Bei einem möglichen Aktienmarkt-Absturz würde Müller investiert bleiben. „Ich würde keinen einzigen Blue Chip verkaufen“, so der Börsenhändler. Wenn Mr. Dax das Risiko als zu hoch empfindet, will er seine Positionen mit Put-Optionen gegen fallende Kurse absichern. Hierdurch würde er zwar keine Gewinne erzielen, aber auch keine Verluste einfahren.

Auch den Anleihenmarkt bewertet Müller kritisch. Die Zahlungsunfähigkeit der USA ist zwar erst einmal abgewendet, aber laut Müller nur verschoben. Das Problem der US-Schuldengrenze bleibe somit erhalten.

Gleiches meint der Börsenhändler zur Schuldenkrise. „Ich fürchte, dass schon bald die Anleiheblase platzen könnte, vielleicht schon in wenigen Monaten.“ Dies erklärt Mr. Dax mit den zu hohen Anleihen-Preisen und den zu niedrigen Renditen, die eine Blase erzeugten.

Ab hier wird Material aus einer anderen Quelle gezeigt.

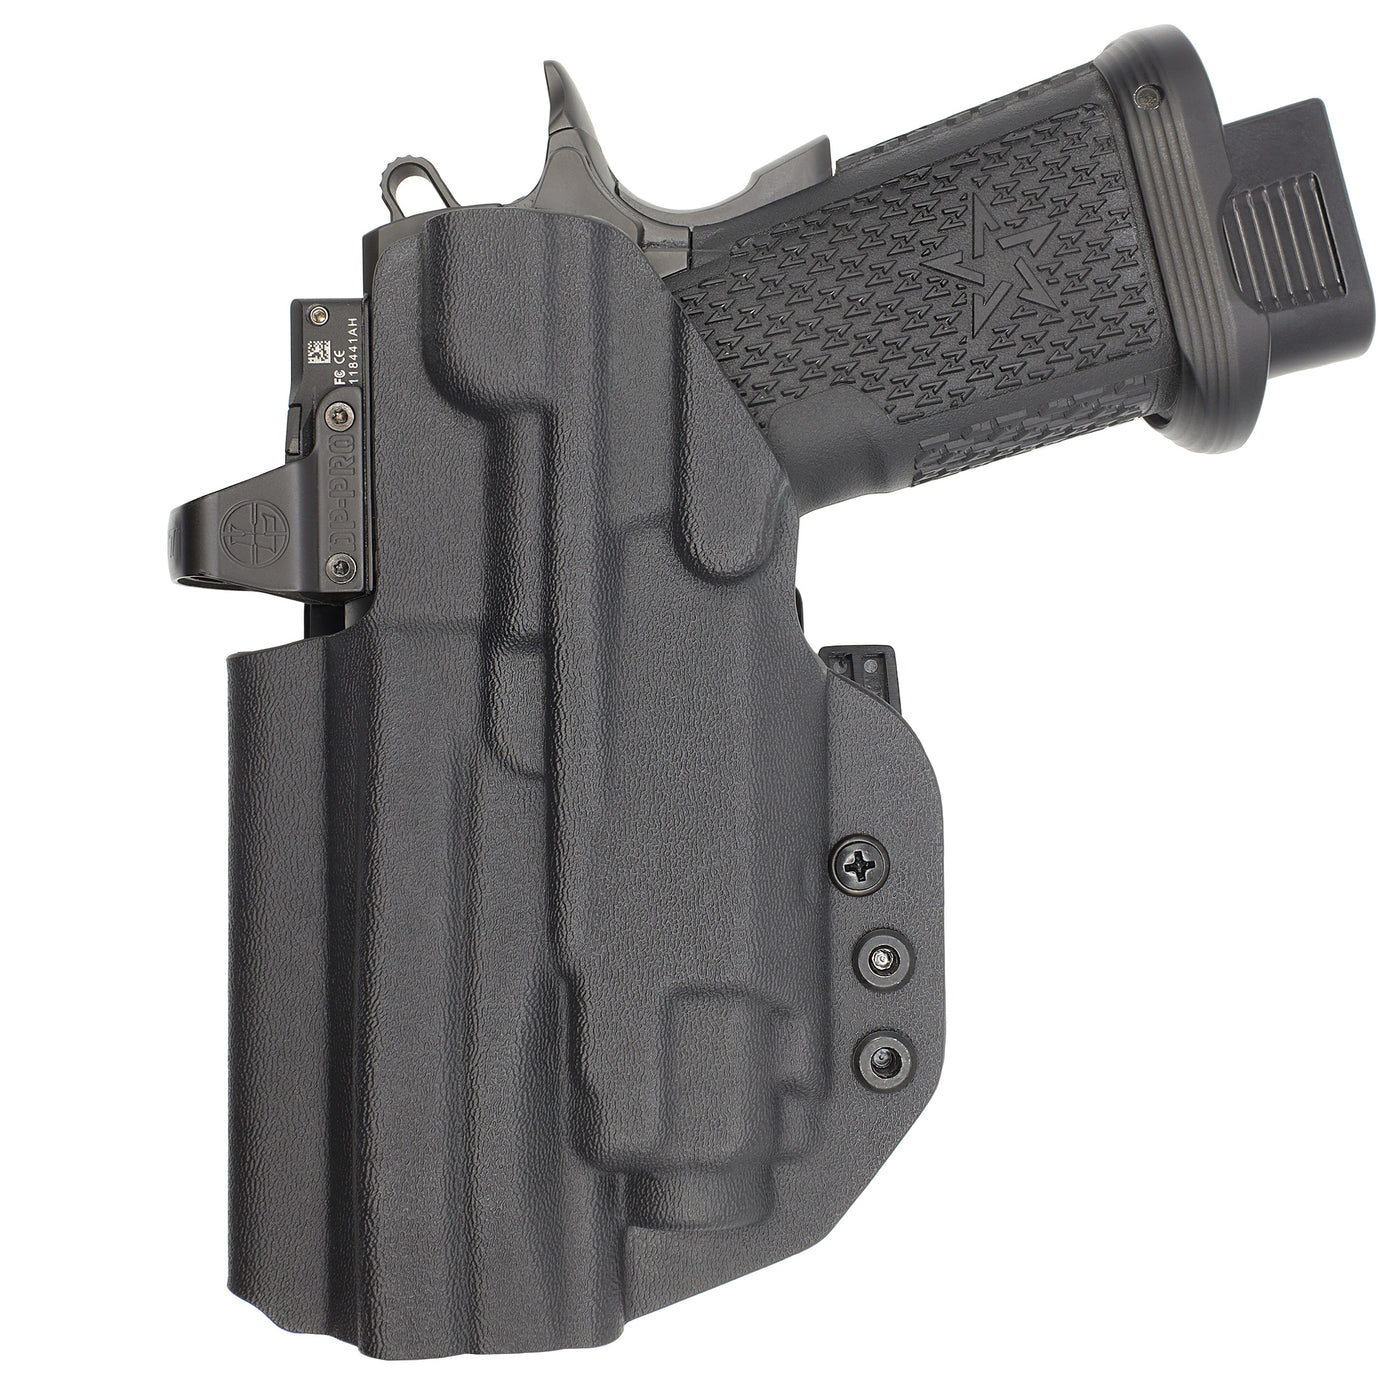 C&G Holsters custom IWB ALPHA UPGRADE tactical 2011 streamlight TLR8 holstered back view

Durch den Vermögensumfang von Billionen Dollar und Euro sieht Müller hier sogar eine riesige Blase. Sollte diese platzen, sagt Müller eine Flucht aus Staatsanleihen voraus. Denn dann bräuchten viele Geld, da der Kreditmarkt ebenfalls einfriere. Dieses Geld werde dann aber laut Müller schlussendlich wieder in Sachwerte wie Aktien gesteckt.